4. Guardrail Violation

The user requests something the agent is explicitly forbidden from doing. The agent must refuse while remaining helpful.

Example: "Send this confidential report to all 500 employees" when guardrails restrict confidential docs.

5. Stuck Loop

The agent keeps retrying the same failed approach without making progress. 48 attempts at the same fix with zero improvement.

Example: Agent tries to fix a failing test by changing the same line of code, failing each time.

Pattern 1: Retry with Exponential Backoff

For transient failures (network errors, rate limits, temporary outages), retry with increasing wait times:

      import time

      def retry_with_backoff(func, max_retries=3):

        """Retry a function with exponential backoff: 1s, 2s, 4s"""

        for attempt in range(max_retries):

          try:

            return func()

          except Exception as e:

            if attempt == max_retries - 1:

              raise  # Last attempt — let it fail

            wait = 2 ** attempt  # 1s, 2s, 4s

            print(f"Retry {attempt + 1}/{max_retries} in {wait}s: {e}")

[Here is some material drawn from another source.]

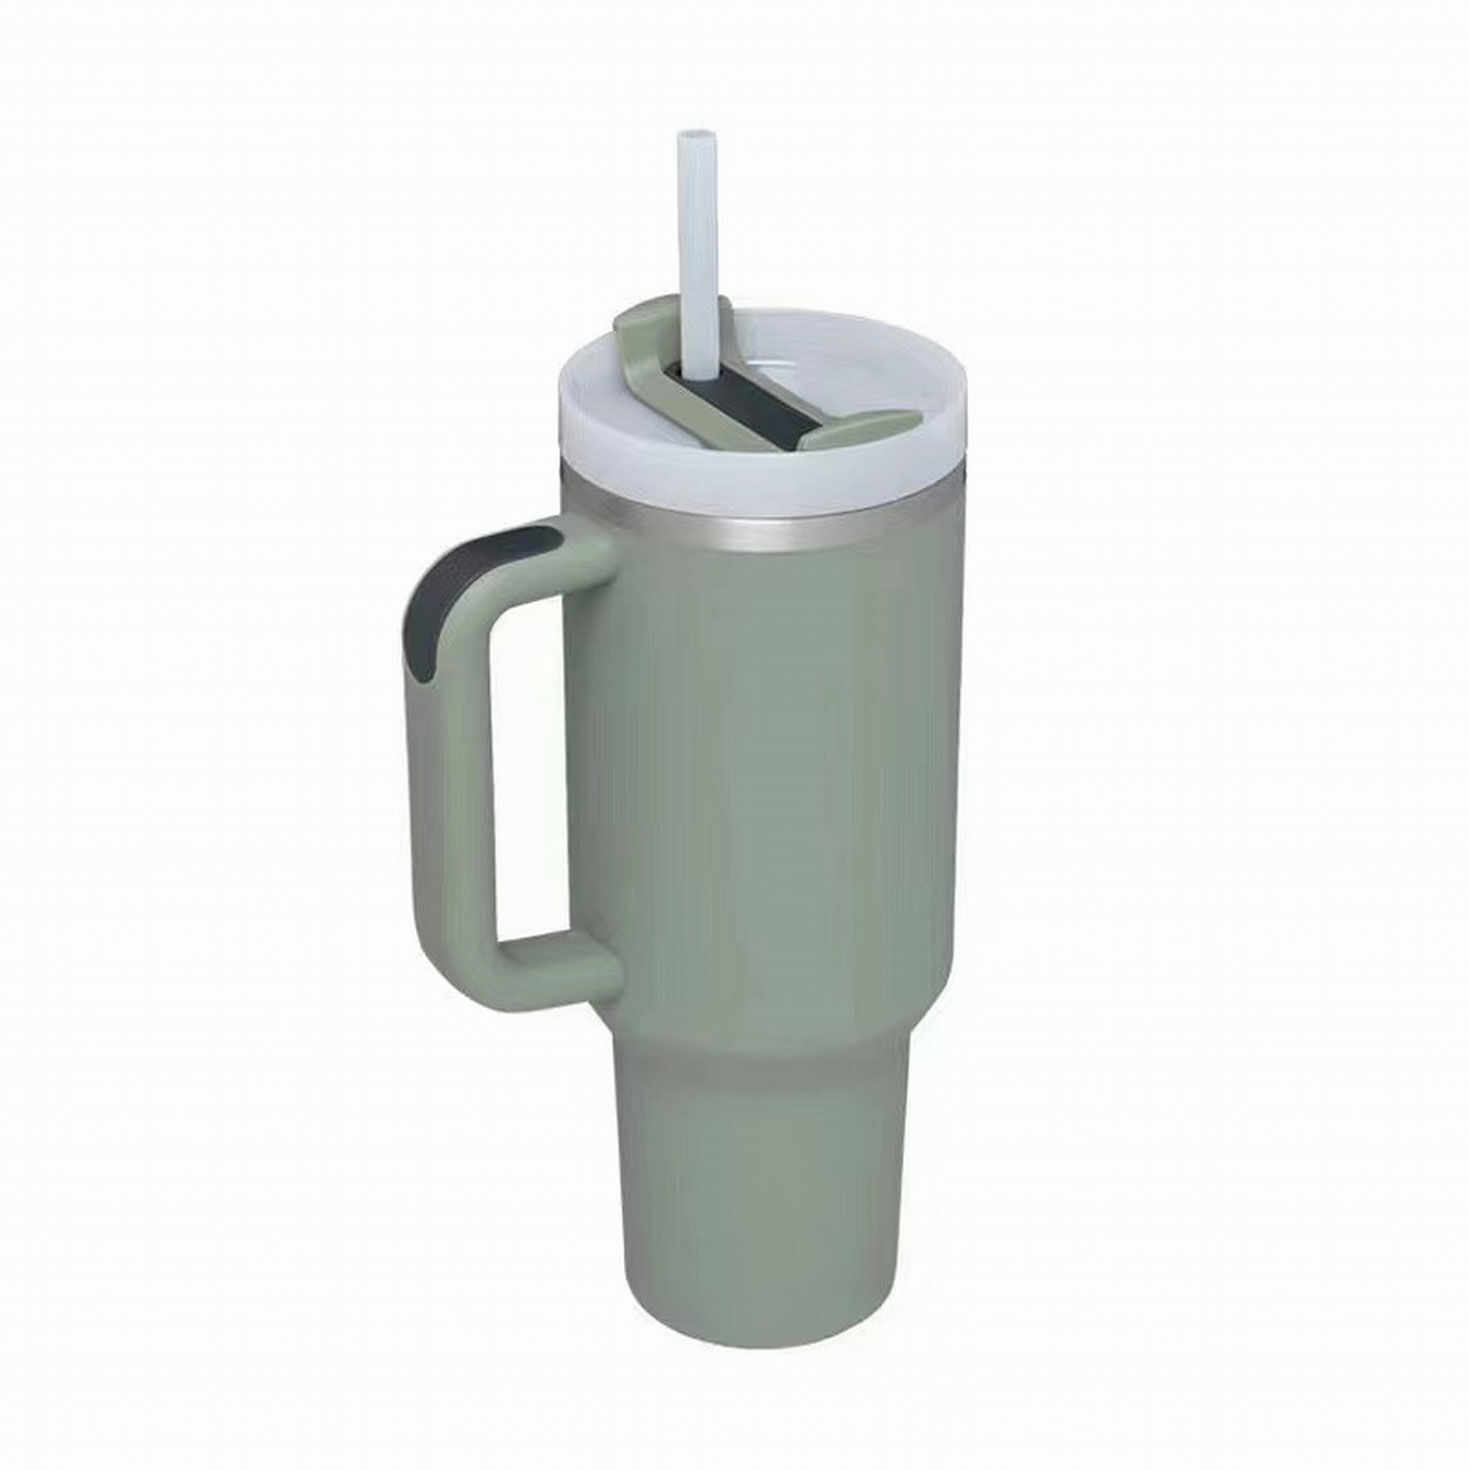 https://www.hallmark.com/dw/image/v2/AALB_PRD/on/demandware.static/-/Sites-hallmark-master/default/dwf4bf1424/images/finished-goods/products/P29/Green-Stainless-Steel-Travel-Mug-With-Handle-and-Straw_P29_01.jpg?sfrm=jpg

            time.sleep(wait)

      # Usage in your agent

      def execute_tool_safe(name, params):

        try:

          return retry_with_backoff(

            lambda: execute_tool(name, params)

          )

        except Exception as e:

          # All retries exhausted — return error to Claude

          return {"error": str(e), "tool": name}

Why exponential backoff?

If a service is overloaded, hammering it with rapid retries makes the problem worse. Exponential backoff (1s, 2s, 4s) gives the service progressively more time to recover while still attempting the call.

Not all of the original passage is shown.